I find it useful because it allows me to create APIs that are easy to use (you have some callable object that requires some specific arguments), and are easy to implement because you can use Object Oriented practices.
The following is code I wrote yesterday that makes a version of the hashlib.foo methods that hash entire files rather than strings:
# filehash.py
import hashlib
class Hasher(object):
"""
A wrapper around the hashlib hash algorithms that allows an entire file to
be hashed in a chunked manner.
"""
def __init__(self, algorithm):
self.algorithm = algorithm
def __call__(self, file):
hash = self.algorithm()
with open(file, 'rb') as f:
for chunk in iter(lambda: f.read(4096), ''):
hash.update(chunk)
return hash.hexdigest()
md5 = Hasher(hashlib.md5)
sha1 = Hasher(hashlib.sha1)
sha224 = Hasher(hashlib.sha224)
sha256 = Hasher(hashlib.sha256)
sha384 = Hasher(hashlib.sha384)
sha512 = Hasher(hashlib.sha512)
This implementation allows me to use the functions in a similar fashion to the hashlib.foo functions:
from filehash import sha1
print sha1('somefile.txt')
Of course I could have implemented it a different way, but in this case it seemed like a simple approach.
__call__ is also used to implement decorator classes in python. In this case the instance of the class is called when the method with the decorator is called.
class EnterExitParam(object):
def __init__(self, p1):
self.p1 = p1
def __call__(self, f):
def new_f():
print("Entering", f.__name__)
print("p1=", self.p1)
f()
print("Leaving", f.__name__)
return new_f
#EnterExitParam("foo bar")
def hello():
print("Hello")
if __name__ == "__main__":
hello()
program output:
Entering hello
p1= foo bar
Hello
Leaving hello
Yes, when you know you're dealing with objects, it's perfectly possible (and in many cases advisable) to use an explicit method call.
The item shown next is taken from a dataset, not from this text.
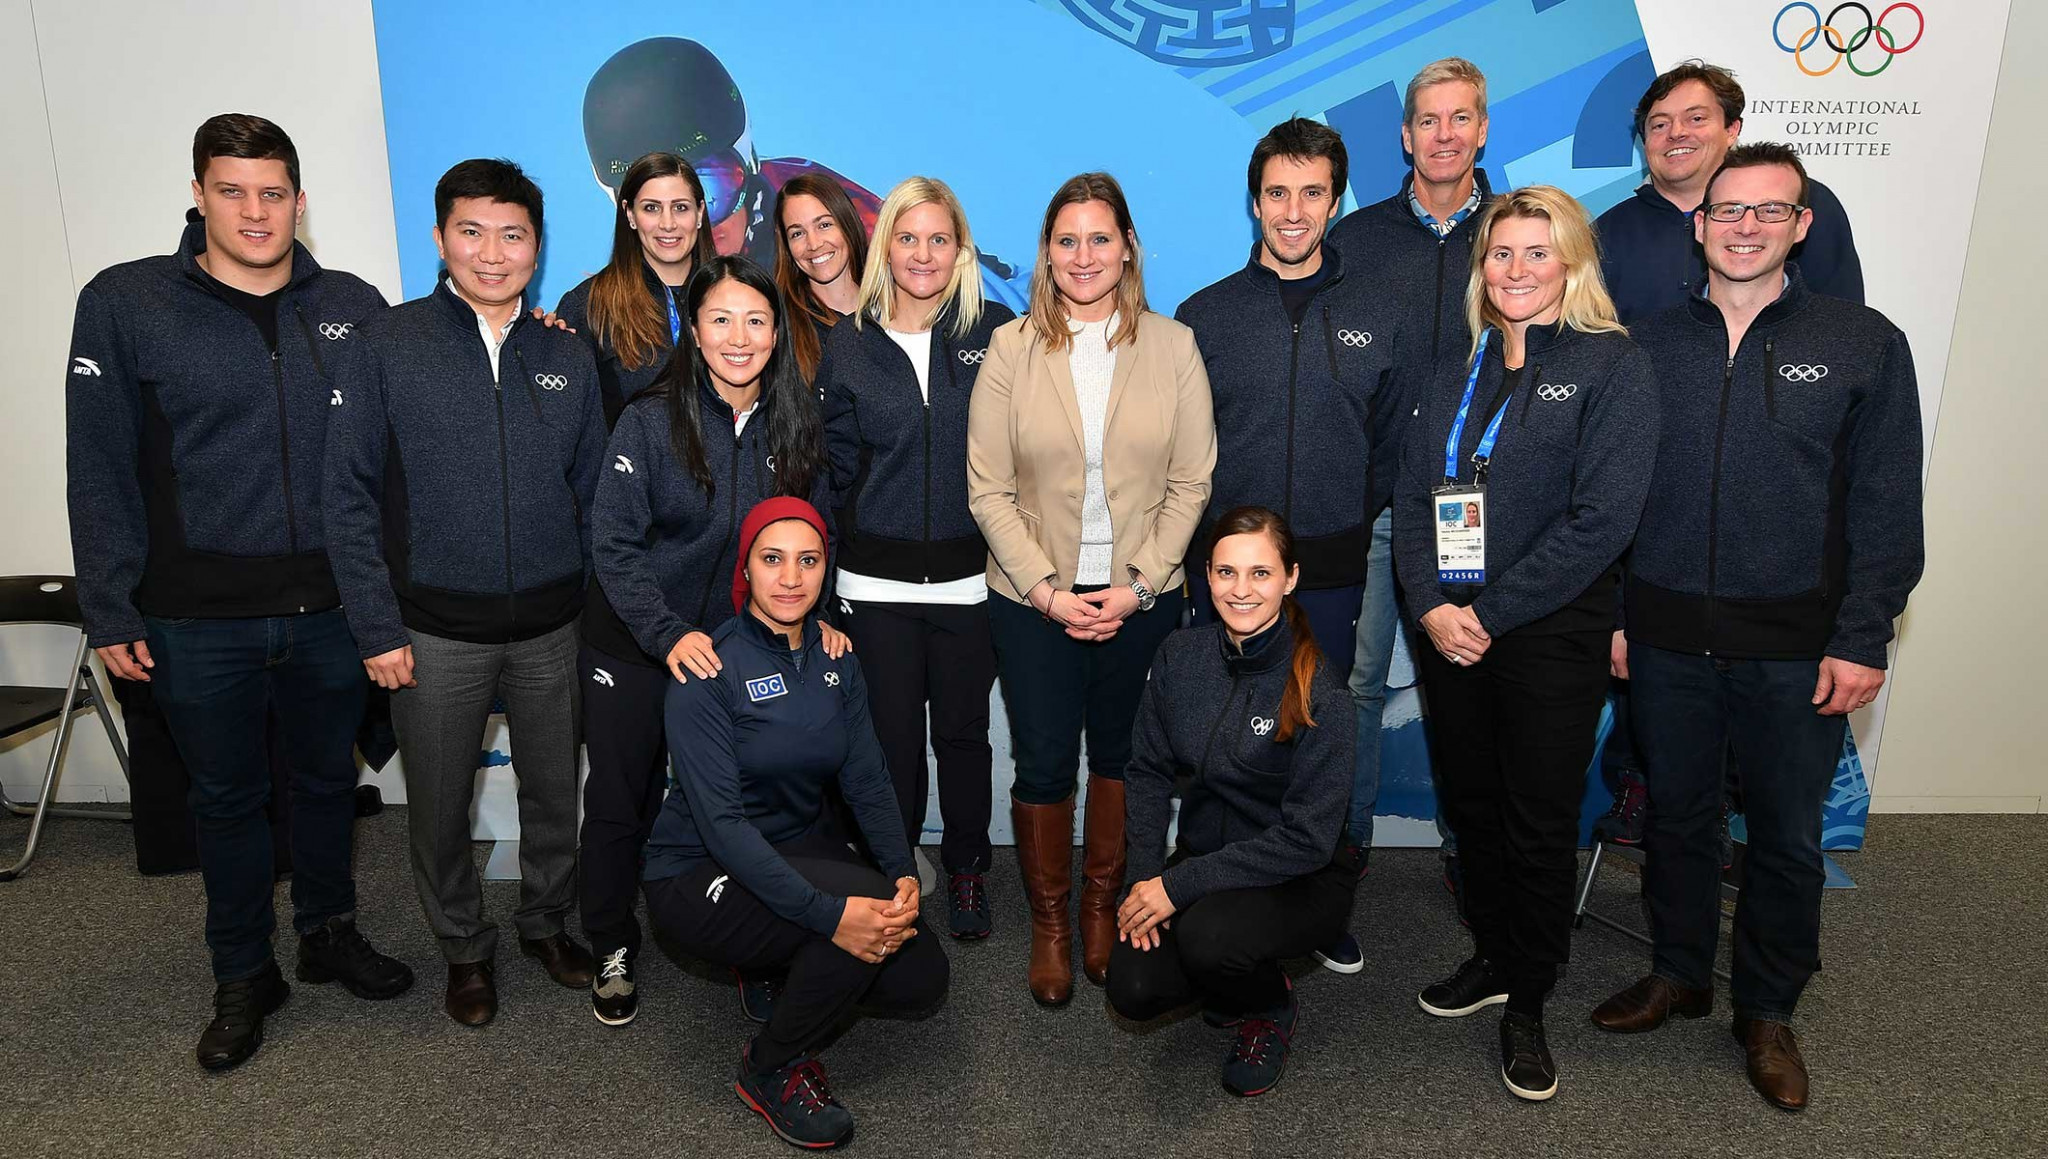 Kirsty Coventry is the new chair of the IOC Athletes' Commission ©IOC

However, sometimes you deal with code that expects callable objects - typically functions, but thanks to __call__ you can build more complex objects, with instance data and more methods to delegate repetitive tasks, etc. that are still callable.
Also, sometimes you're using both objects for complex tasks (where it makes sense to write a dedicated class) and objects for simple tasks (that already exist in functions, or are more easily written as functions). To have a common interface, you either have to write tiny classes wrapping those functions with the expected interface, or you keep the functions functions and make the more complex objects callable. Let's take threads as example. The Thread objects from the standard libary module threading want a callable as target argument (i.e. as action to be done in the new thread). With a callable object, you are not restricted to functions, you can pass other objects as well, such as a relatively complex worker that gets tasks to do from other threads and executes them sequentially:
class Worker(object):
def __init__(self, *args, **kwargs):
self.queue = queue.Queue()
self.args = args
self.kwargs = kwargs
def add_task(self, task):
self.queue.put(task)
def __call__(self):
while True:
next_action = self.queue.get()
success = next_action(*self.args, **self.kwargs)
if not success:
self.add_task(next_action)
This is just an example off the top of my head, but I think it is already complex enough to warrant the class. Doing this only with functions is hard, at least it requires returning two functions and that's slowly getting complex. One could rename __call__ to something else and pass a bound method, but that makes the code creating the thread slightly less obvious, and doesn't add any value.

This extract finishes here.